Validate service-level objectives (SLOs) under a stepped ramp from 50 to 10,000 concurrent virtual users. The ramp profile is:

50 -> 1,000 -> 2,500 -> 5,000 -> 7,500 -> 10,000

The primary deliverables are:

  • The concurrency ceiling at which each SLO first breaches.
  • A bottleneck attribution for every breach, traced back to a specific subsystem (CPU, Postgres, Redis, BullMQ, or application code).
  • Reproduction steps that allow any engineer to re-run the test and arrive at comparable numbers.

2. Tooling Rationale

k6 (synthetic load generation)

k6 drives both HTTP and WebSocket traffic. It supports Prometheus remote-write natively (--out experimental-prometheus-rw), which feeds real-time panels in Grafana without any intermediary. k6 scripts live under tests-perf/k6/ and tests-perf/profiles/.

Playwright canary (real-browser UX validation)

A small Playwright suite runs alongside k6 to measure real-browser metrics (LCP, FCP, bet-place latency) under load. This validates that the user experience degrades gracefully rather than catastrophically. Canary tests live under tests-perf/playwright-canary/.

Playwright is not used for load generation. A single Chromium instance consumes roughly 300 MB of RAM and significant CPU. Scaling to 10,000 concurrent sessions is not feasible, nor is it the tool's design intent.

Existing observability stack

The platform already emits OpenTelemetry traces to Jaeger, spanmetrics-derived counters/histograms to Prometheus, and structured logs to Loki.
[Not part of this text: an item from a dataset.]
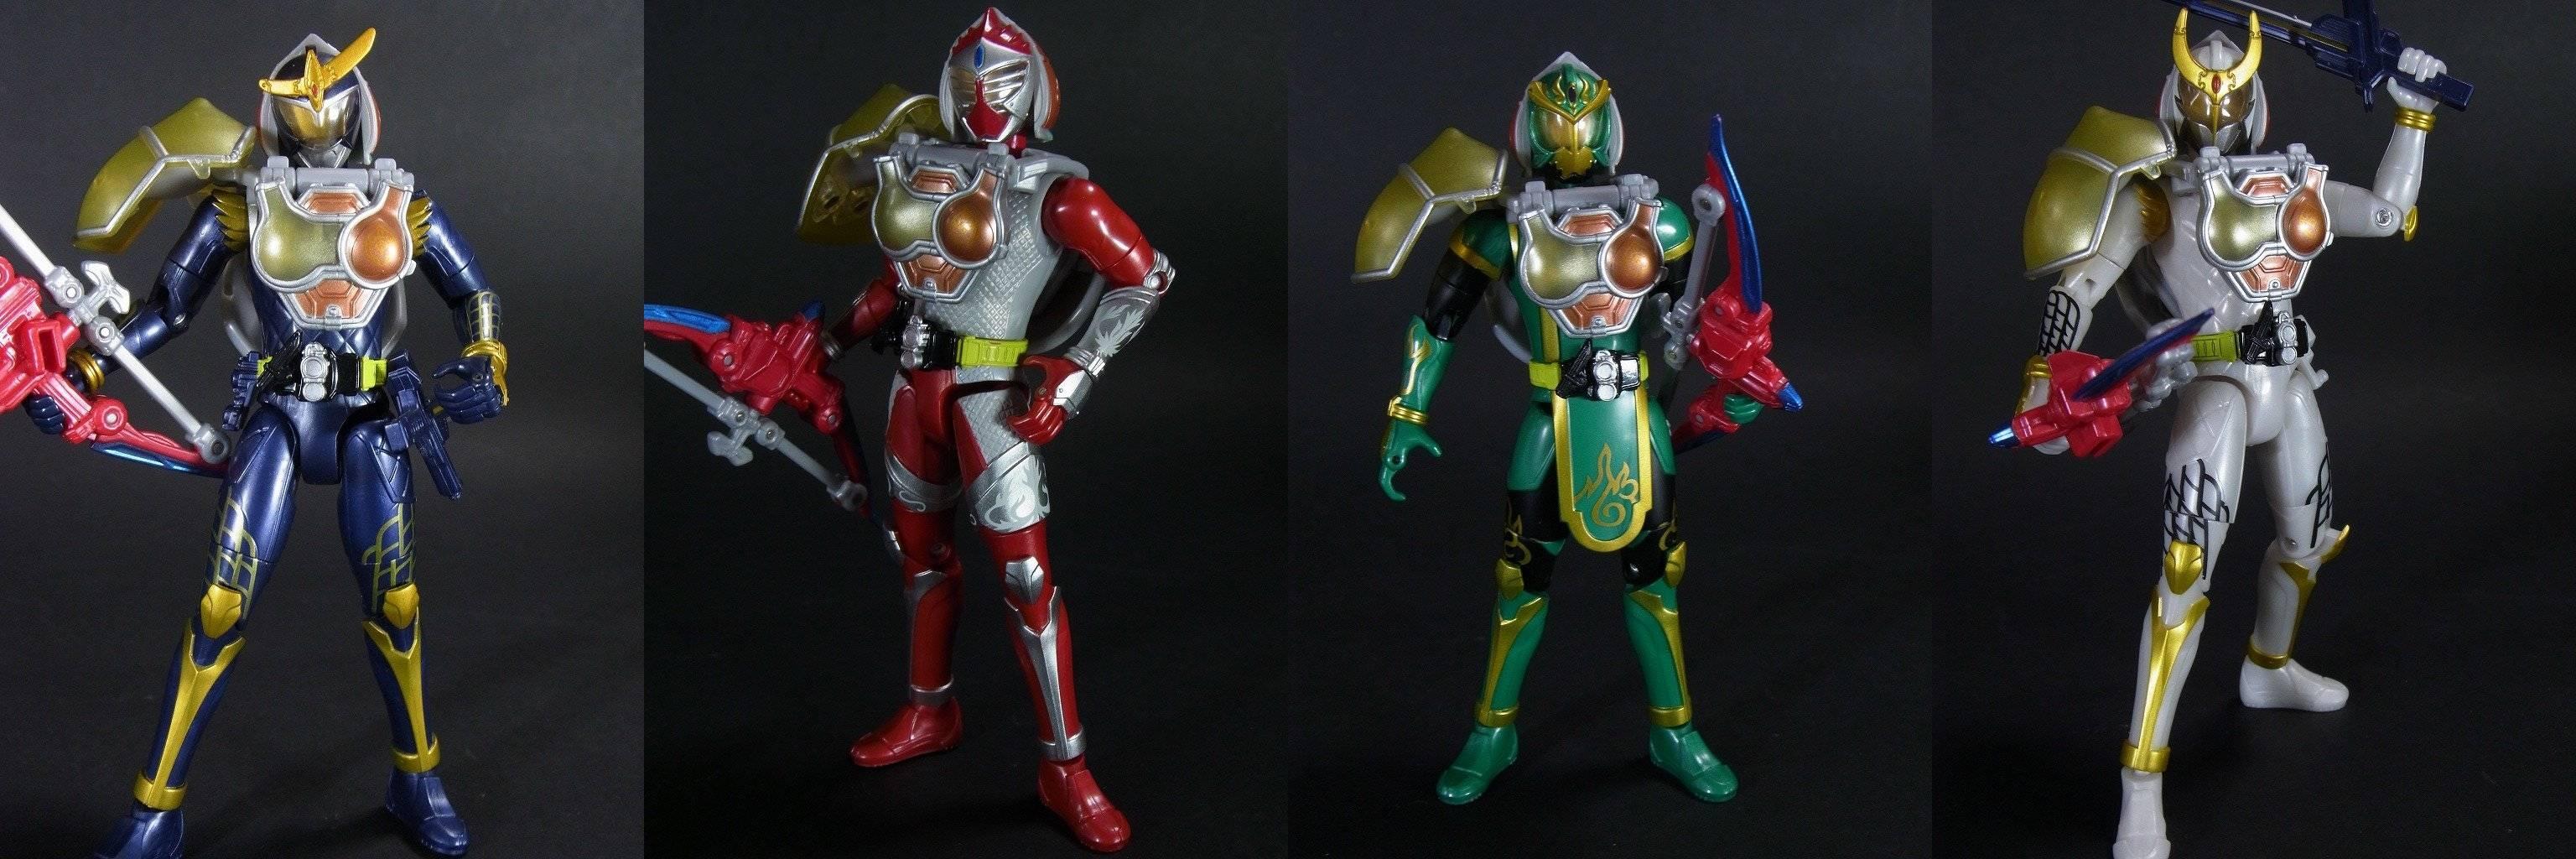 仮面ライダー鎧武ピーチエナジーアームズ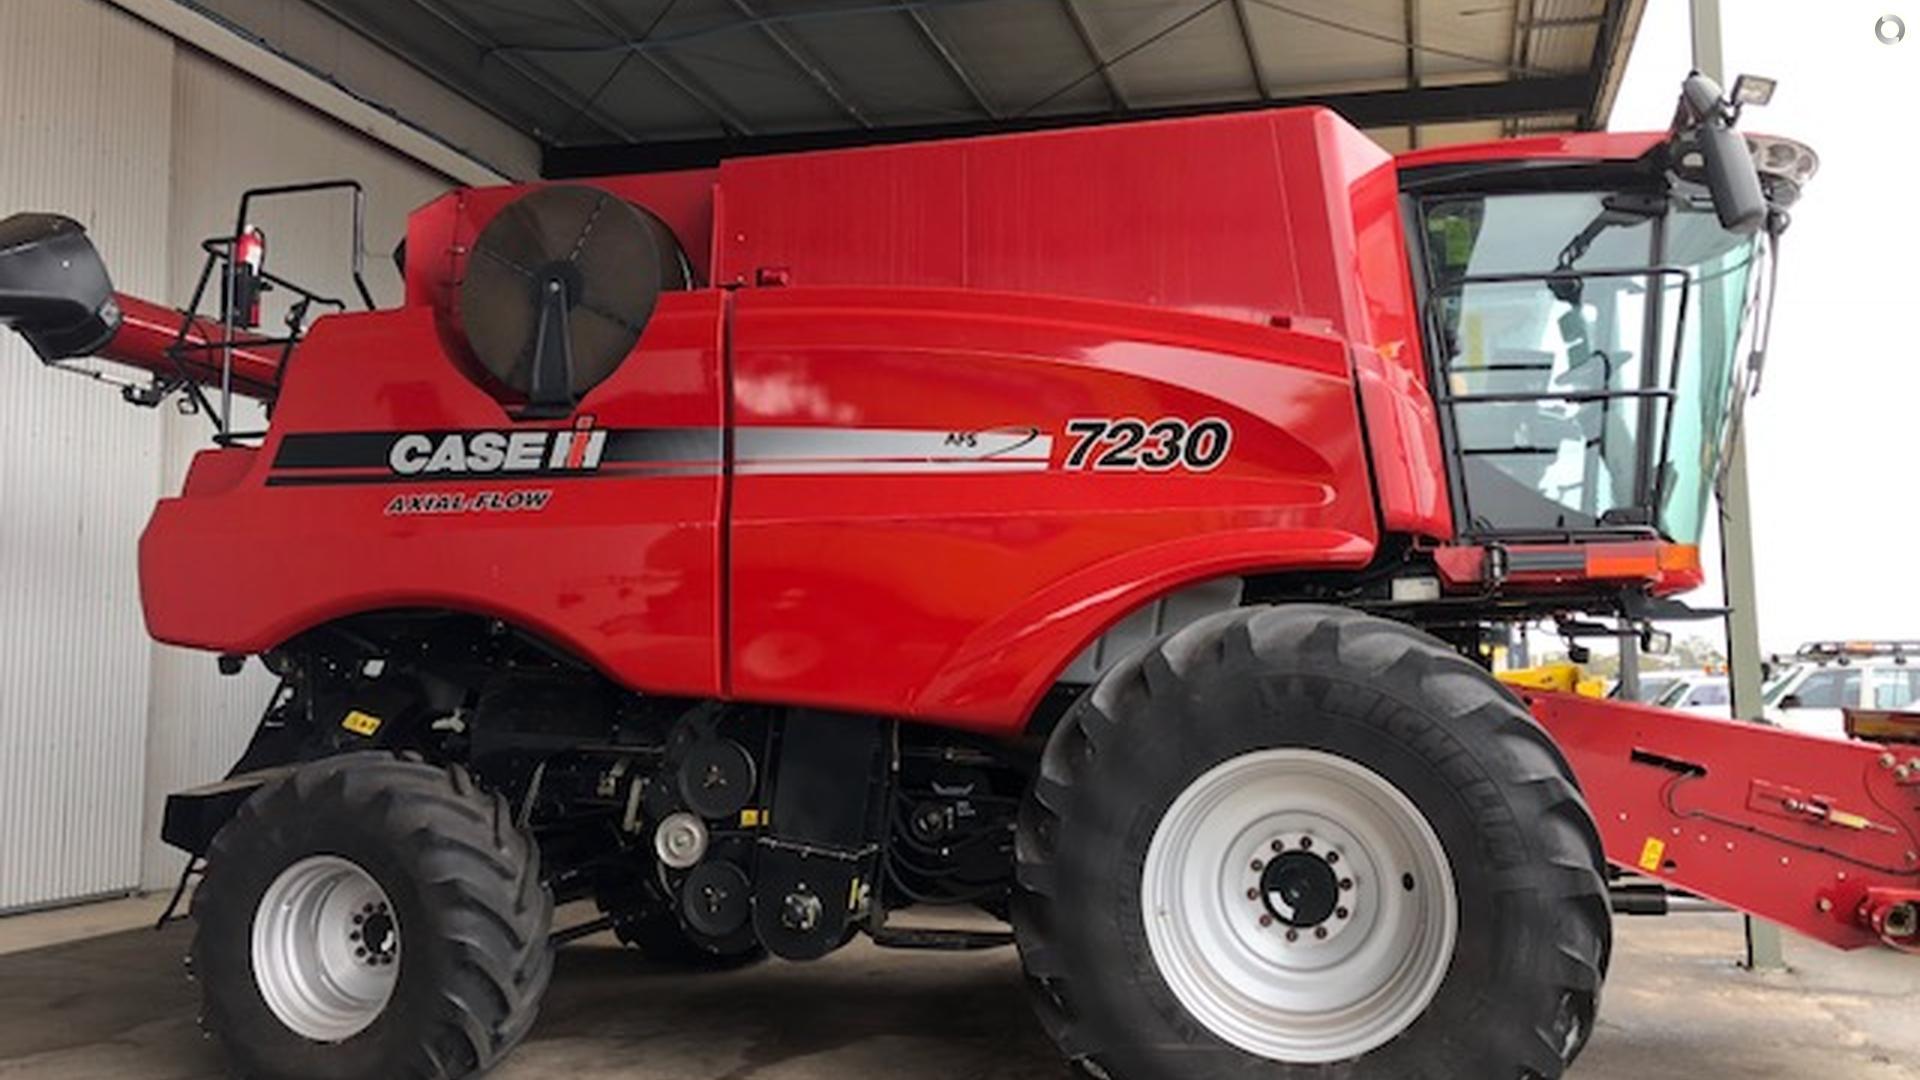 2013 CASE IH 7230 Harvester

Grafana dashboards unify all three signals. No additional instrumentation is required for bottleneck attribution.

Relevant metric families:

Metric Source Labels
calls_total spanmetrics connector service_name, span_name, span_kind, status_code
duration_milliseconds_bucket spanmetrics connector same as above; buckets: 5, 10, 25, 50, 100, 250, 500, 1000, 2500, 5000 ms
http_server_duration_milliseconds_bucket OTel HTTP instrumentation http_route, http_status_code, service_name
bullmq_queue_jobs custom gauge queue, state

3. Test Environment

Single-VM development setup

A single 16 GB VM runs both the load generator and all services (NestJS apps, Postgres, Redis, Docker infrastructure). This is the default for local development and CI.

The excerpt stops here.